Stored items from a collection

※ ※ ※

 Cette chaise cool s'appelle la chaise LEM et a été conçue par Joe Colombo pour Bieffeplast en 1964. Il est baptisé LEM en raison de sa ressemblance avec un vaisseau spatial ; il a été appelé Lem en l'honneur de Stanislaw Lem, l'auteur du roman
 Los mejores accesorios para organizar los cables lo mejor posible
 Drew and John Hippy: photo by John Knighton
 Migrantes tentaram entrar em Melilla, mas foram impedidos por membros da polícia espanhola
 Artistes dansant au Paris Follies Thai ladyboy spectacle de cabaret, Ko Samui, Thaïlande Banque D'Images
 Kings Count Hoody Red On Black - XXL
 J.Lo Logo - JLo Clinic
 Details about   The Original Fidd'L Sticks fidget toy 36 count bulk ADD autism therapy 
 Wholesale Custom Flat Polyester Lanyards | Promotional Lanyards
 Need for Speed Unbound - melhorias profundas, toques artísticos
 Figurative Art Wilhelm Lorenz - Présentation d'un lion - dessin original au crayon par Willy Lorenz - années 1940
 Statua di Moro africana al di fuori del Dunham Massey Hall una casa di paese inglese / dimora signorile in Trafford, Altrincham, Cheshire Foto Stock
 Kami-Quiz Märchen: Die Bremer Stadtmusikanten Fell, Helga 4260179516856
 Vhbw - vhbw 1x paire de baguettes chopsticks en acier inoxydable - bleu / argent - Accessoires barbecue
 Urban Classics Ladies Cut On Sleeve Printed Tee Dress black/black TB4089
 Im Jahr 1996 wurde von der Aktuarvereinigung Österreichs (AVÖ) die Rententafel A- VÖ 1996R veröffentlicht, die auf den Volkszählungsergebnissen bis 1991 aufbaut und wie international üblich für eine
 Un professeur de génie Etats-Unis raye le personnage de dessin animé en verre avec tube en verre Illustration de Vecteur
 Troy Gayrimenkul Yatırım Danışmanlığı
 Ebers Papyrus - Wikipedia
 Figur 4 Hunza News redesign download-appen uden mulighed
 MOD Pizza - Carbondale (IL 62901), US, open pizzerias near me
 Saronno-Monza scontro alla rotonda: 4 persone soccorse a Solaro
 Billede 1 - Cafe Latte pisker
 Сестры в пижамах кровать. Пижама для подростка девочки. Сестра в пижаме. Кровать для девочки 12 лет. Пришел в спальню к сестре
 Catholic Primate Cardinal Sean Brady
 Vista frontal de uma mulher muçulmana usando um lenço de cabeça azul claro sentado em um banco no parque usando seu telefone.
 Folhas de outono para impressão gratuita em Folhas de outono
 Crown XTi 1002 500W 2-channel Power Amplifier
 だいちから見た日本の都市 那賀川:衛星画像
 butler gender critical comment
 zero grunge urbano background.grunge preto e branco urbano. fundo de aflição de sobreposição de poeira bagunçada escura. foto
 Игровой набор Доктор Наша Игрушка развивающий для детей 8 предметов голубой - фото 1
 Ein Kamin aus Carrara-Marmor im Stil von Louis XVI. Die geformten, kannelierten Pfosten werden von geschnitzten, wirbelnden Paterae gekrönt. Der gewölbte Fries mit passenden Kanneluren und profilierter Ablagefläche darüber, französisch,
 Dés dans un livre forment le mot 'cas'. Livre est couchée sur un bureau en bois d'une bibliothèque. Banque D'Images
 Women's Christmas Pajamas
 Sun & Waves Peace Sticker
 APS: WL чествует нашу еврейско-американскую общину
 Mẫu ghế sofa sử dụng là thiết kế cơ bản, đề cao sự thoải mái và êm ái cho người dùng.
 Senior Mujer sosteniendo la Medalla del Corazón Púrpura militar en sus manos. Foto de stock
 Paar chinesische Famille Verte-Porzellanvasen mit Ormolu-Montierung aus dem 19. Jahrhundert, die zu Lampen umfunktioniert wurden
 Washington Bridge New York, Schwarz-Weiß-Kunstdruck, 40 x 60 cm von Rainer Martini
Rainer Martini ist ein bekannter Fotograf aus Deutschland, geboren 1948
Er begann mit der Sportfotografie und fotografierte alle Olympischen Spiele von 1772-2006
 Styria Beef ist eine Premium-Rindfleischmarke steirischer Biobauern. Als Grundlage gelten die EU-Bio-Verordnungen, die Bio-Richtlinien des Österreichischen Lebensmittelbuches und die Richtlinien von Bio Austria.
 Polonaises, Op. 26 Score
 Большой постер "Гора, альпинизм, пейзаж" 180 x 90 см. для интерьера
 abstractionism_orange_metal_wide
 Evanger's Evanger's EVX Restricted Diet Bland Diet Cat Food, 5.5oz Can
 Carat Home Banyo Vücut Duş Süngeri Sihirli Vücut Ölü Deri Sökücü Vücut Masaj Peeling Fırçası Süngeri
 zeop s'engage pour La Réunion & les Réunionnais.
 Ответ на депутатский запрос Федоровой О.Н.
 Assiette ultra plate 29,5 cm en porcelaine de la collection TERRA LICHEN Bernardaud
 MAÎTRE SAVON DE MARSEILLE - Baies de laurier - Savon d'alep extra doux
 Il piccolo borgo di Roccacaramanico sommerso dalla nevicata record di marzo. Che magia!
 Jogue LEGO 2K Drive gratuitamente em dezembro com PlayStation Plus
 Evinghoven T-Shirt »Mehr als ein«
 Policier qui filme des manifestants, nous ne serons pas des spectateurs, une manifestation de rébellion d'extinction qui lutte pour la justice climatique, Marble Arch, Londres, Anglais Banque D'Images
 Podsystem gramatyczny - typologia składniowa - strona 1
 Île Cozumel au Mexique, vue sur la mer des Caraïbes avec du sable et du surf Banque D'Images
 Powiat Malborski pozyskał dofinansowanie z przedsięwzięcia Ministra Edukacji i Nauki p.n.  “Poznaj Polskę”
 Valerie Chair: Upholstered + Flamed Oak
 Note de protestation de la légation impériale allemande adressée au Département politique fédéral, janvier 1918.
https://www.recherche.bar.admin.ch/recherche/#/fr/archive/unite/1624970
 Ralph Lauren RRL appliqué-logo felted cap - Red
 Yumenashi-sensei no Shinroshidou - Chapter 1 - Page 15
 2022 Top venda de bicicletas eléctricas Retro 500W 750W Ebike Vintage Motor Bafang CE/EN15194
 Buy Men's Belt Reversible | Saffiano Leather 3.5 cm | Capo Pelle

※ ※ ※

Of the lines above, retype only those from the line containing "см. для интерьера" through the line containing "Assiette ultra plate", including both, exactly.

Your solution:
 Большой постер "Гора, альпинизм, пейзаж" 180 x 90 см. для интерьера
 abstractionism_orange_metal_wide
 Evanger's Evanger's EVX Restricted Diet Bland Diet Cat Food, 5.5oz Can
 Carat Home Banyo Vücut Duş Süngeri Sihirli Vücut Ölü Deri Sökücü Vücut Masaj Peeling Fırçası Süngeri
 zeop s'engage pour La Réunion & les Réunionnais.
 Ответ на депутатский запрос Федоровой О.Н.
 Assiette ultra plate 29,5 cm en porcelaine de la collection TERRA LICHEN Bernardaud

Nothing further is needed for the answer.